Ricordando queste intuizioni possiamo orientarci nel presente. Oggi sono le elezioni politiche a fare appello a quelle spinte emozionali che sarebbero il limite del referendum: sul campo si schierano i buoni e i cattivi, la comunicazione politica, tutta personalistica, si rivolge alla pancia della gente. Il nuovo sistema elettorale, l’Italicum, semplifica all’estremo il confronto politico e, sapendo che probabilmente l’astensionismo sarà forte, consente al partito che rappresenta una minoranza del corpo elettorale di conquistare la maggioranza parlamentare. Il sempre incerto, difficile e complesso significato del non voto viene etichettato a priori: se la gente non voterà alle politiche è perché siamo una democrazia matura, non c’è nessun problema, anzi è ottimo.
Questo il contesto in cui, con una intensità mai vista prima, il referendum è stato investito di un registro discorsivo svalutativo del quale la questione del quorum, o dell’essere o meno il voto referendario dovere civico, sono state il veicolo. Queste questioni sono state messe al centro del dibattito non certamente, mi pare, per meditare sulla speciale funzione del referendum, ma, all’opposto, per squalificarlo: se si può anche non votare allora non è una cosa importante, è una bizza che qualcuno si è presa, che fa spendere solo denaro pubblico.

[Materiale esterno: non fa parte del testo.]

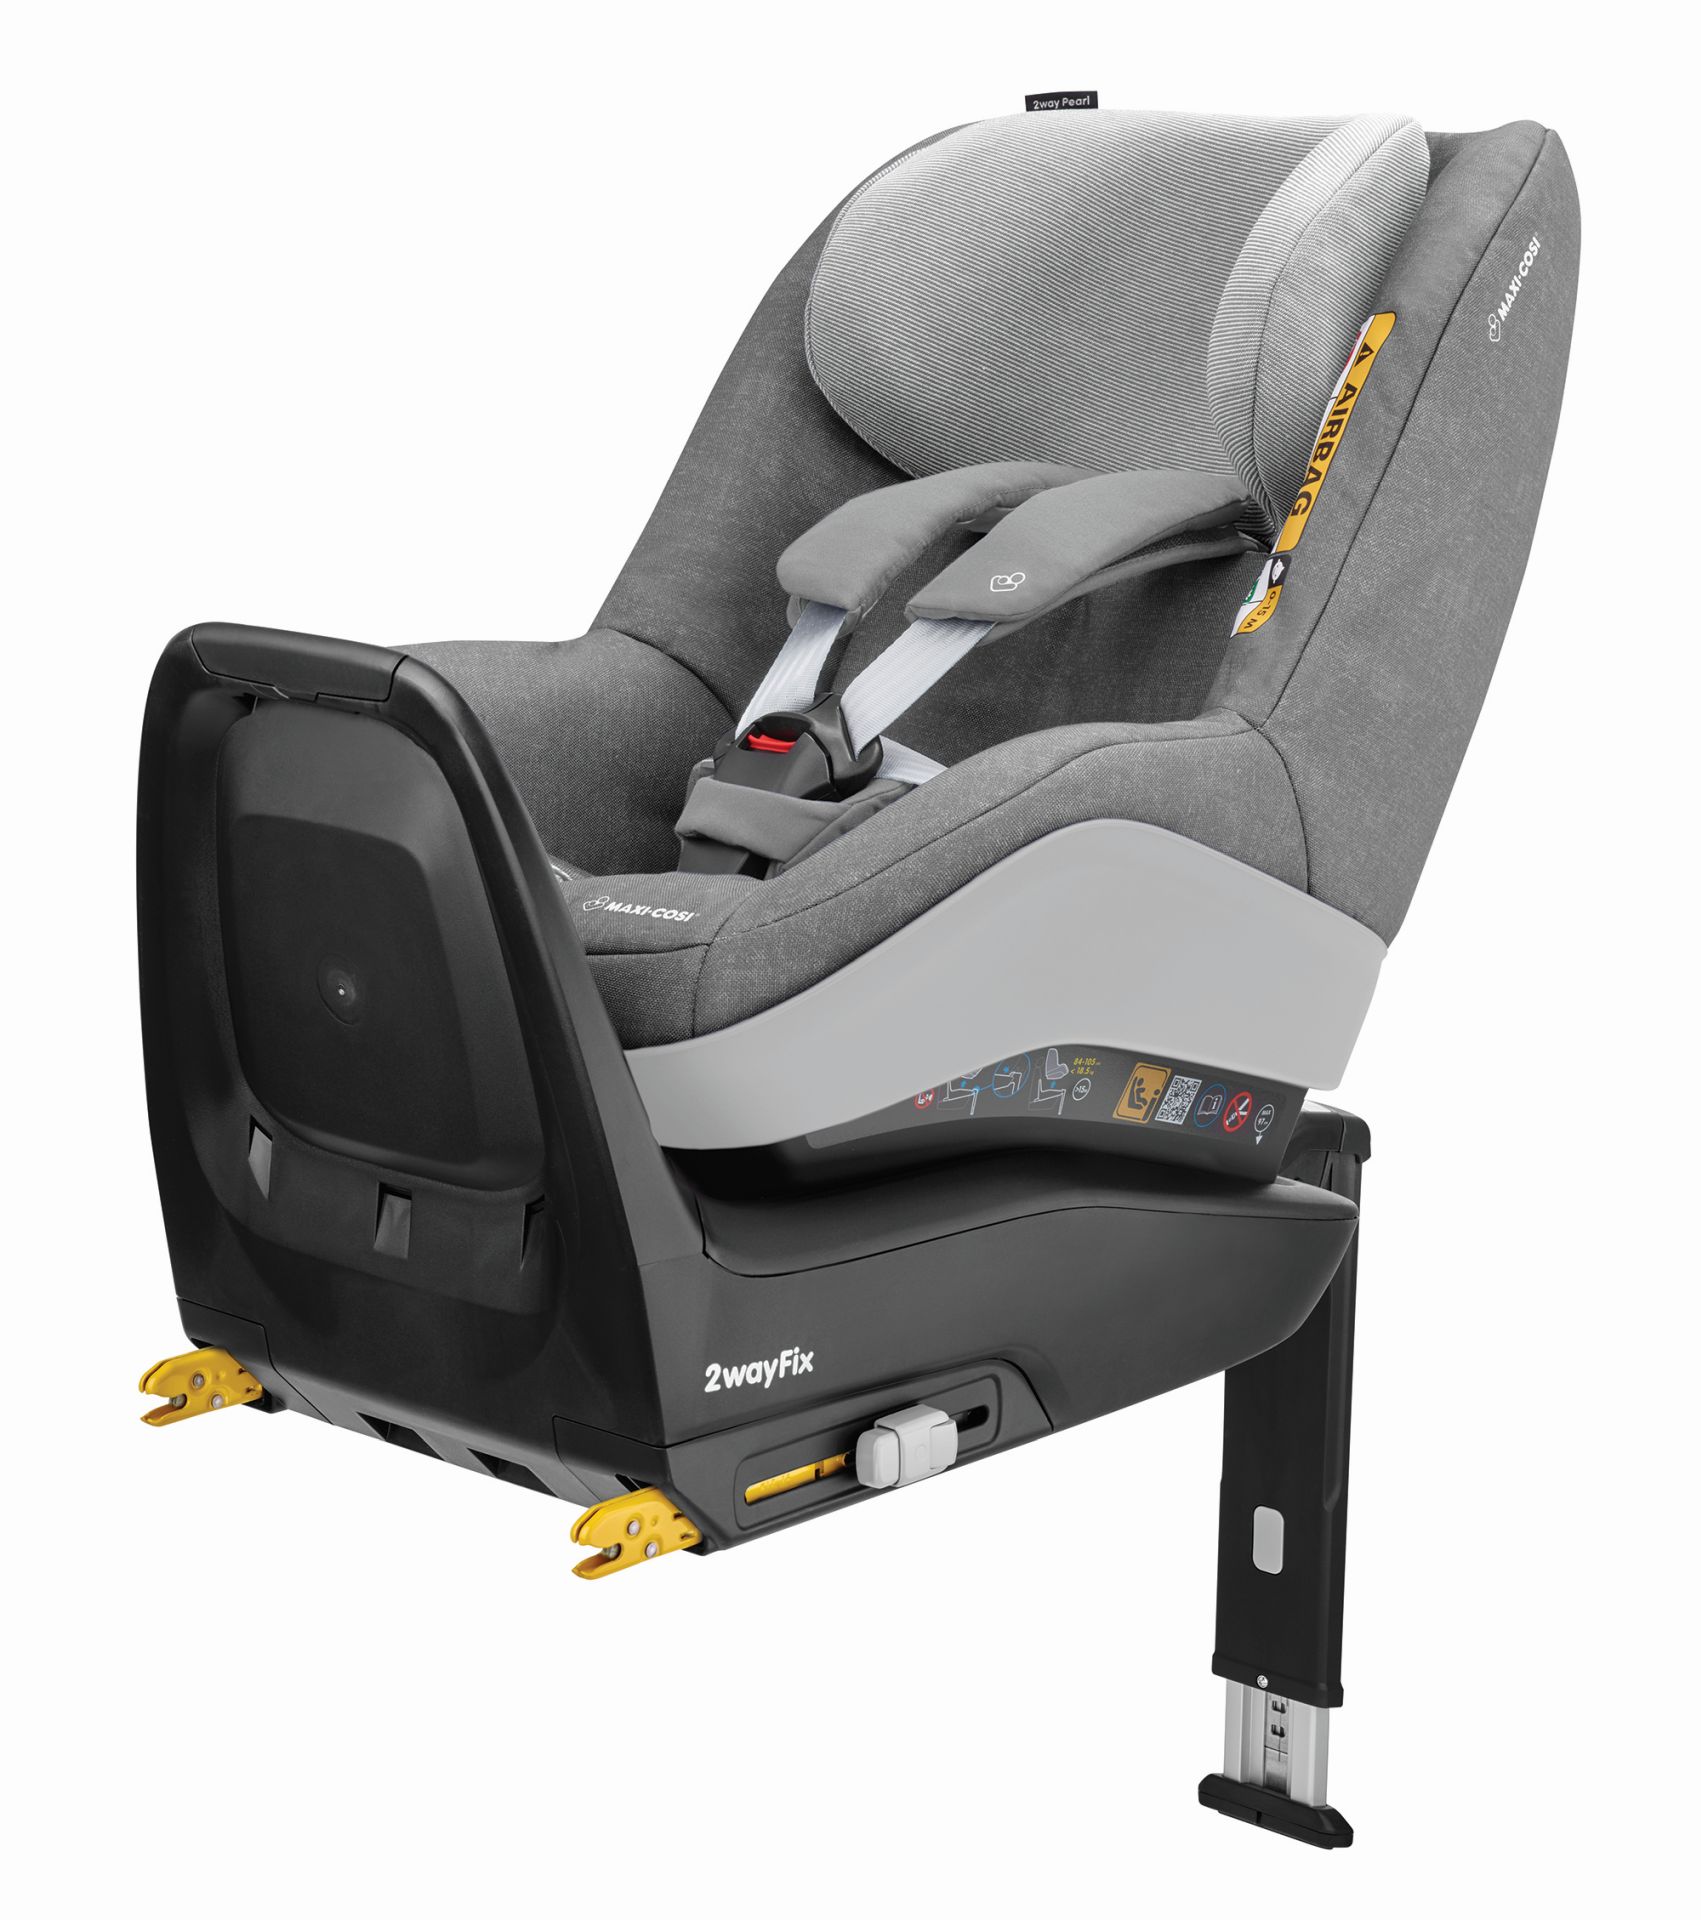 Bērnu autosēdeklis 9-18 kg MAXI-COSI Pearl Nomad Grey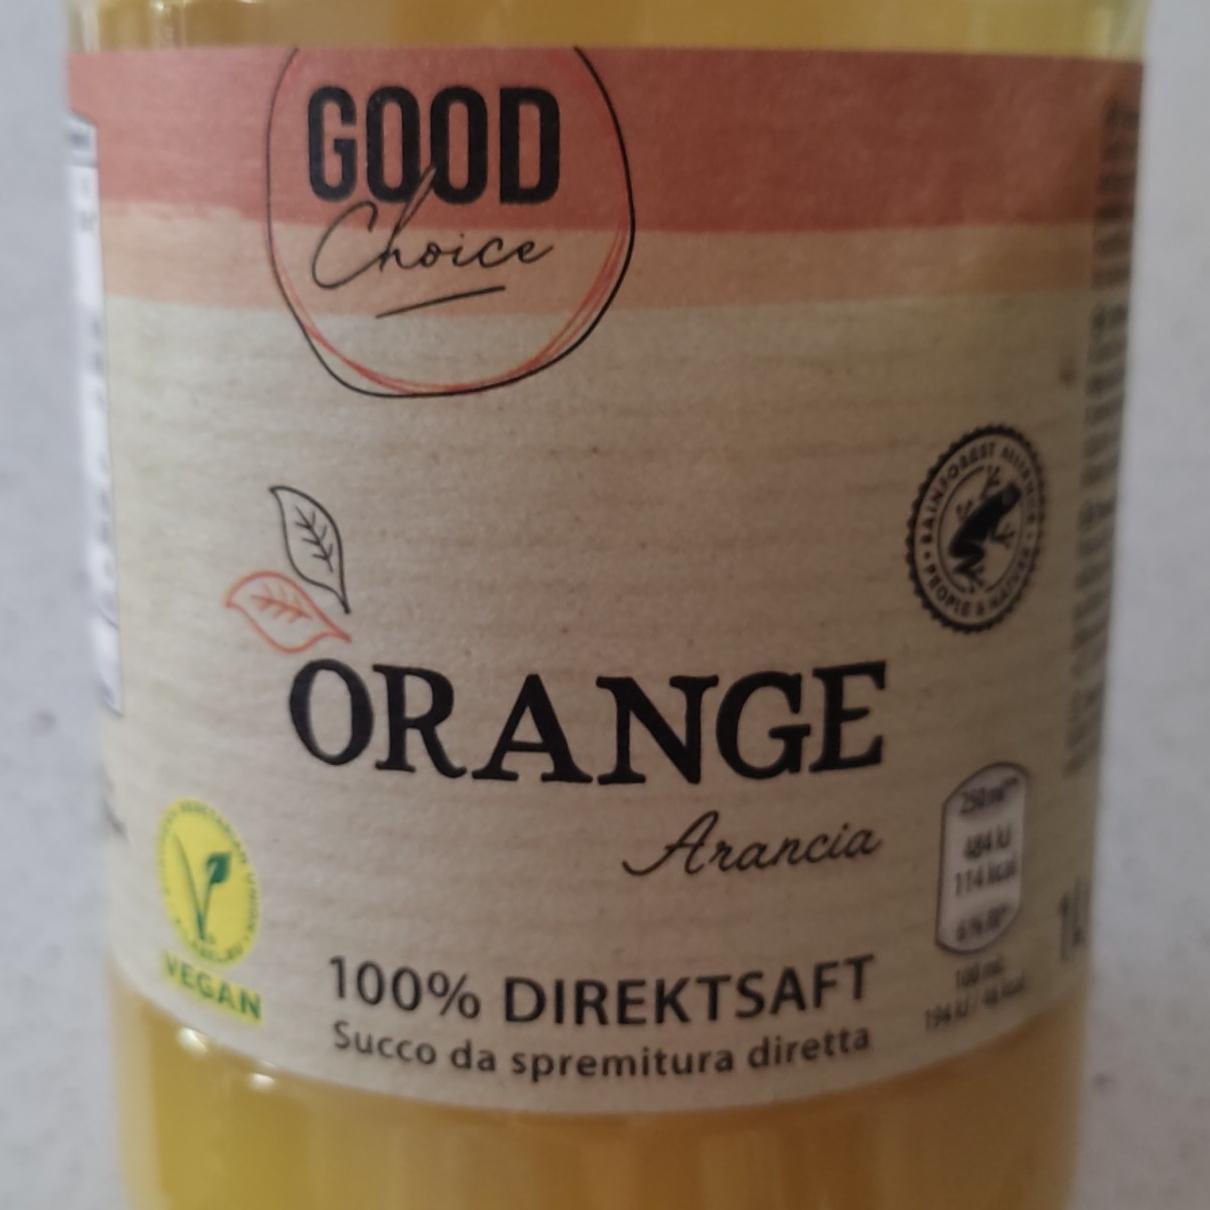 Fotografie - Orange 100% Direktsaft Good choice

Si parla a nuora perché suocera intenda?
Insistere che il quorum è previsto perché il risultato referendario deve esprimere la volontà di una fetta consistente del corpo elettorale ha come effetto la sottolineatura che una simile necessità non può mai neppure lontanamente valere per le elezioni politiche: queste sono buone in se stesse, sempre rappresentative anche se vota meno della metà dell’elettorato. Svalutando l’istituto che è stato messo in Costituzione per moderare i governanti si autorizza la minoranza che salisse al potere domani a non conoscere moderazione, come non ne ha dimostrata il partito che, con i voti che detiene grazie a una legge elettorale illegittima, ha messo mano alla revisione costituzionale?
Per quanto credessero nella democrazia rappresentativa e avessero fede nei partiti, i costituenti non si nascosero che entrambi possono degenerare. Per questo introdussero il referendum abrogativo. Noi, distratti dalla querelle se il voto referendario è o non è un dovere civico, perdiamo di vista il punto centrale. Dovere civico o meno, il referendum è stato messo in Costituzione per frenare gli abusi dei governanti e prima ancora per ammonire che abusi sono sempre possibili, anche da parte dei rappresentanti, degli eletti, dei capi. E’ per questo che oggi chi esprime l’idea che il referendum, questo referendum, ogni referendum sia una cosa importante che va trattata con rispetto fa quasi scandalo? La democrazia che nega i suoi pericoli, e per negarli calpesta uno strumento che li ricorda, non sembra in buona salute.